Research presented at the American Geophysical Union's Annual Meeting 2025 by Northern Arizona University doctoral candidate Laura Lee explores how arbuscular mycorrhizae could address these limitations. These microscopic fungal networks form symbiotic relationships with plant roots, essentially extending the root zone and providing structural stability akin to glue in terrestrial soils.

The partnership operates through resource exchange: plants supply carbon to fungi, whilst fungi transfer water and nutrients, particularly phosphorus, to plants. This relationship proves especially valuable in nutrient-poor environments like planetary regoliths.

Lee conducted experiments using simulants (synthetic imitations of extraterrestrial regolith) from Space Resource Technologies, testing both lunar highlands and Martian surface approximations. Because simulants lack nitrogen, she introduced this element through two sources: conventional urea-based fertiliser and Milorganite, a nitrogen-rich biosolid derived from processing human waste in Milwaukee, Wisconsin. The latter mimics a resource future astronauts will inevitably produce without adding payload mass.

Experimental Results Show Promise

In lunar simulant trials, plants grown with mycorrhizal fungi consistently outperformed those receiving only fertiliser, producing larger biomass regardless of nitrogen source.
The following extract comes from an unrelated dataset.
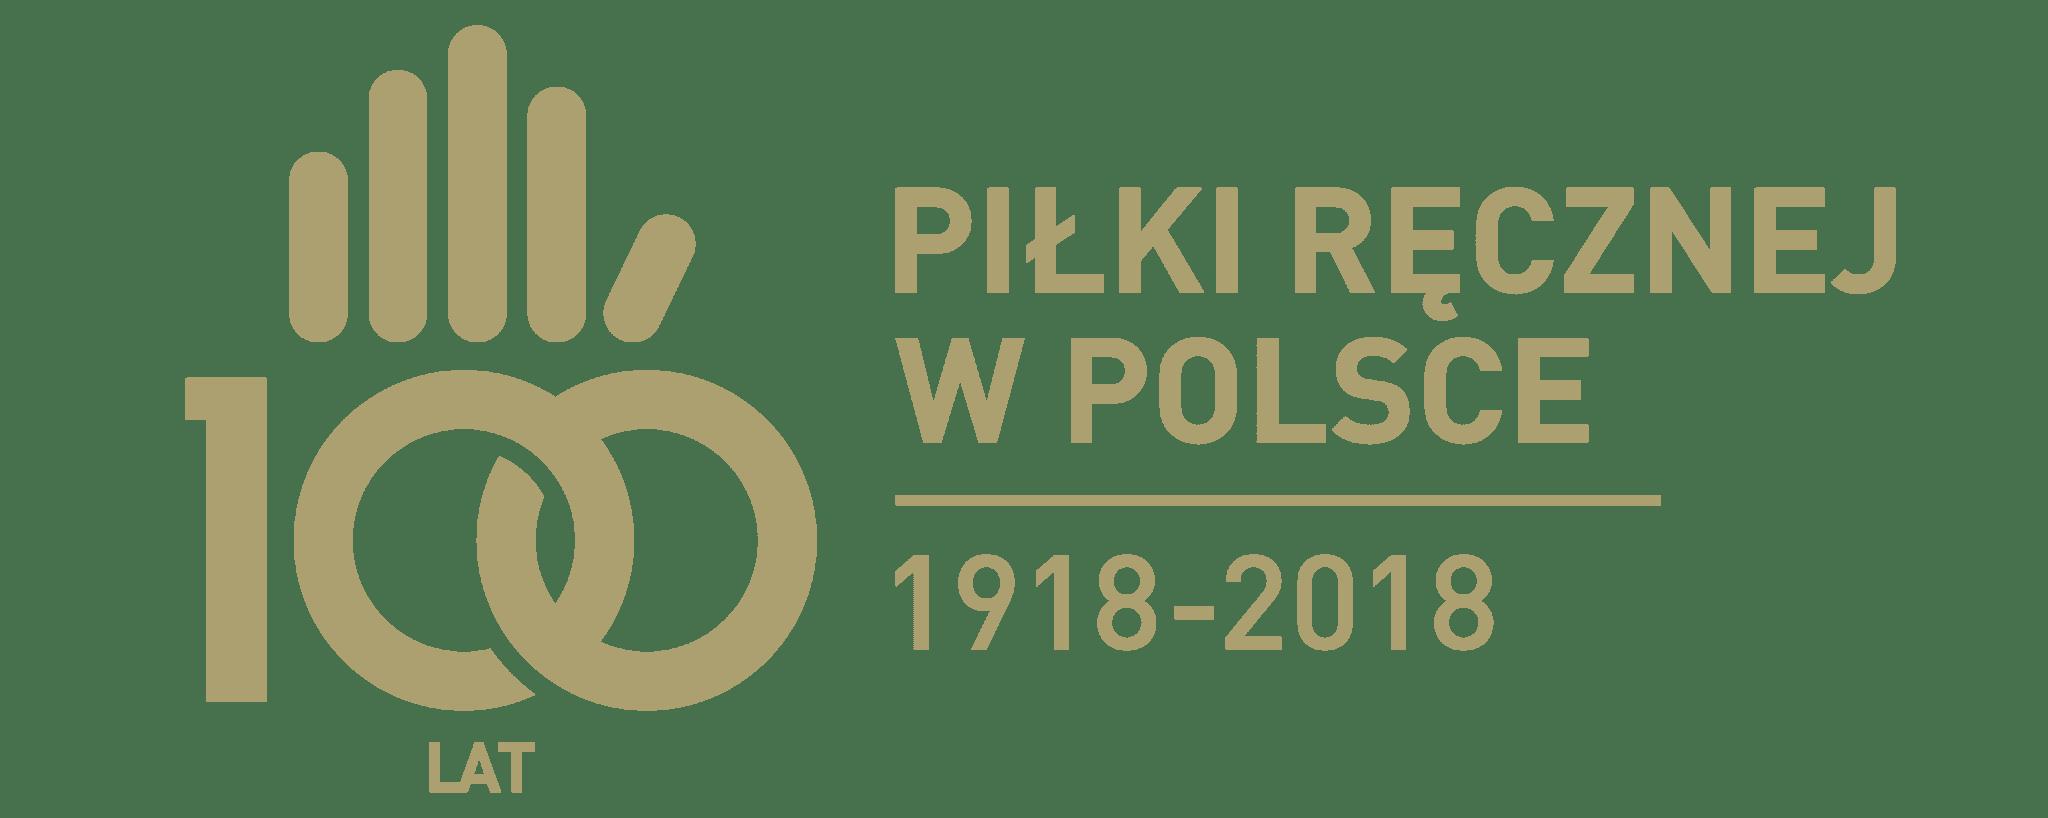 100 Lat Piłki Ręcznej w Polsce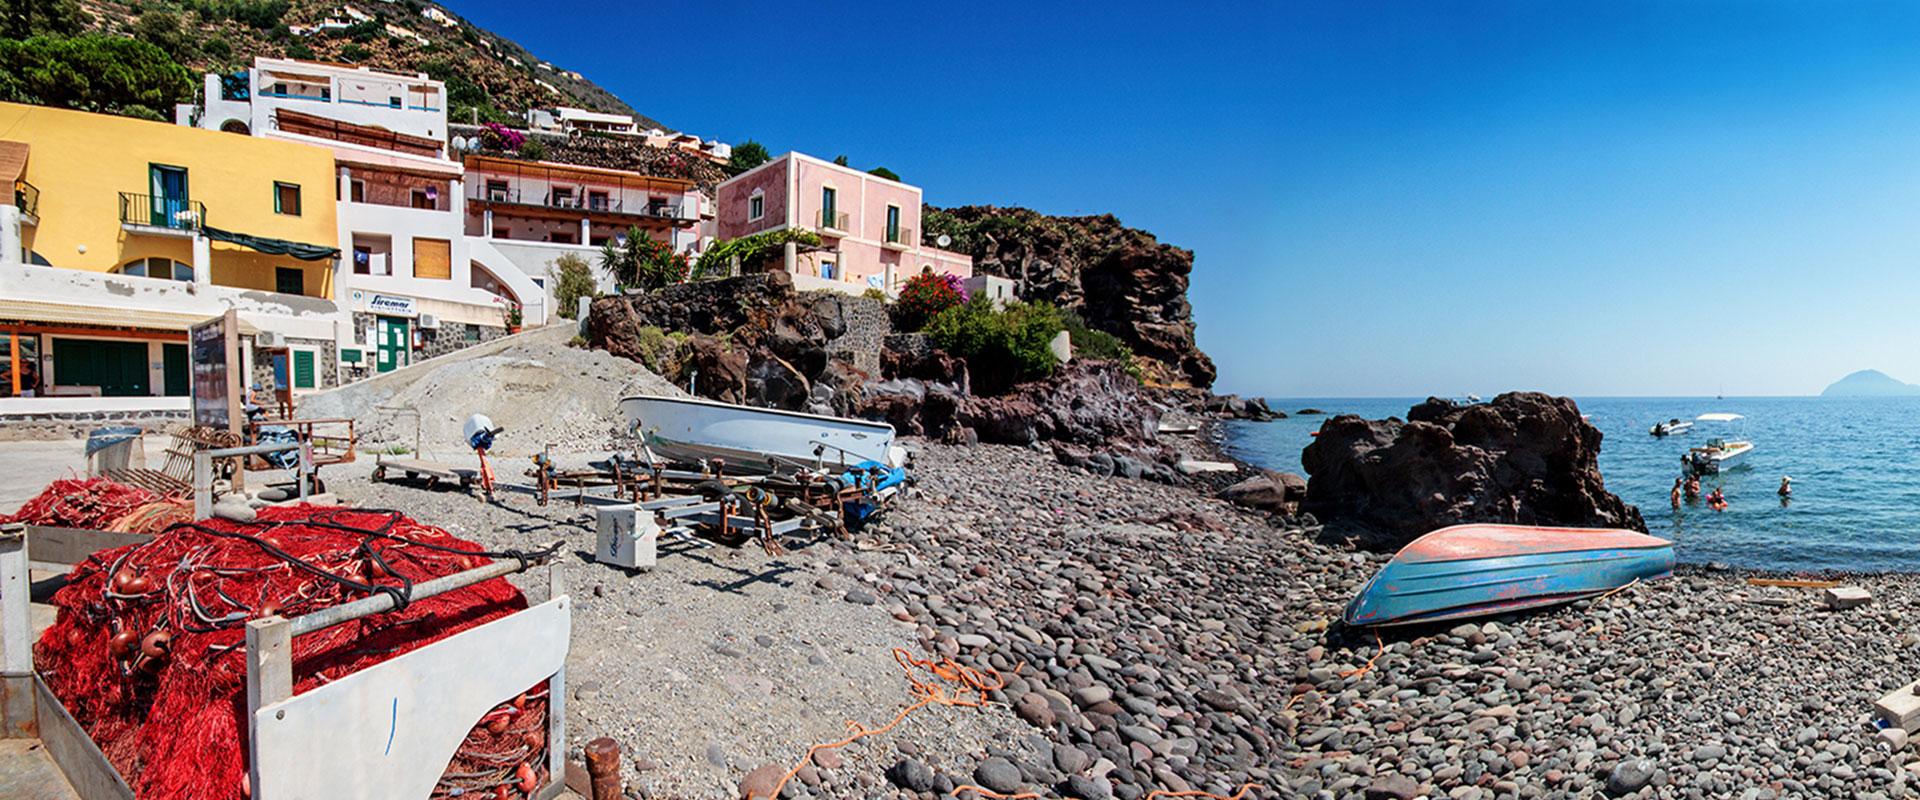 Casa sul mare Alicudi

Plants cultivated with fungi and Milorganite exhibited elevated chlorophyll levels, indicators of healthier photosynthetic capacity.

Martian conditions proved more challenging. Without fungi, no plants survived in Martian simulant amended with Milorganite. However, one specimen grown with both Milorganite and arbuscular mycorrhizae survived the 15-week experimental period, producing the highest chlorophyll levels and greatest biomass across all lunar and Martian trials.

These findings suggest mycorrhizal networks provide critical support beyond simple nutrient transfer, potentially helping plants cope with the toxic compounds and sharp, shard-like grains characteristic of authentic regolith. A 2022 study by Elardo's team demonstrated that whilst plants could grow in genuine Apollo mission samples, they exhibited stress responses absent in simulant-grown specimens: indicating simulants inadequately replicate regolith chemistry and physical properties.

Ethical Considerations and Future Directions

Lee acknowledges substantial ethical questions surrounding microbial introduction to extraterrestrial environments. However, astronauts will inevitably transport microorganisms through their own microbiomes. Additionally, 96 bags of human waste already remain on the lunar surface from Apollo missions, establishing precedent for biological material presence.

The research suggests that combining mycorrhizal fungi with treated astronaut waste could provide sufficient biological scaffolding for crop cultivation in planetary regolith, offering a pathway toward sustainable extraterrestrial agriculture without excessive Earth-sourced inputs.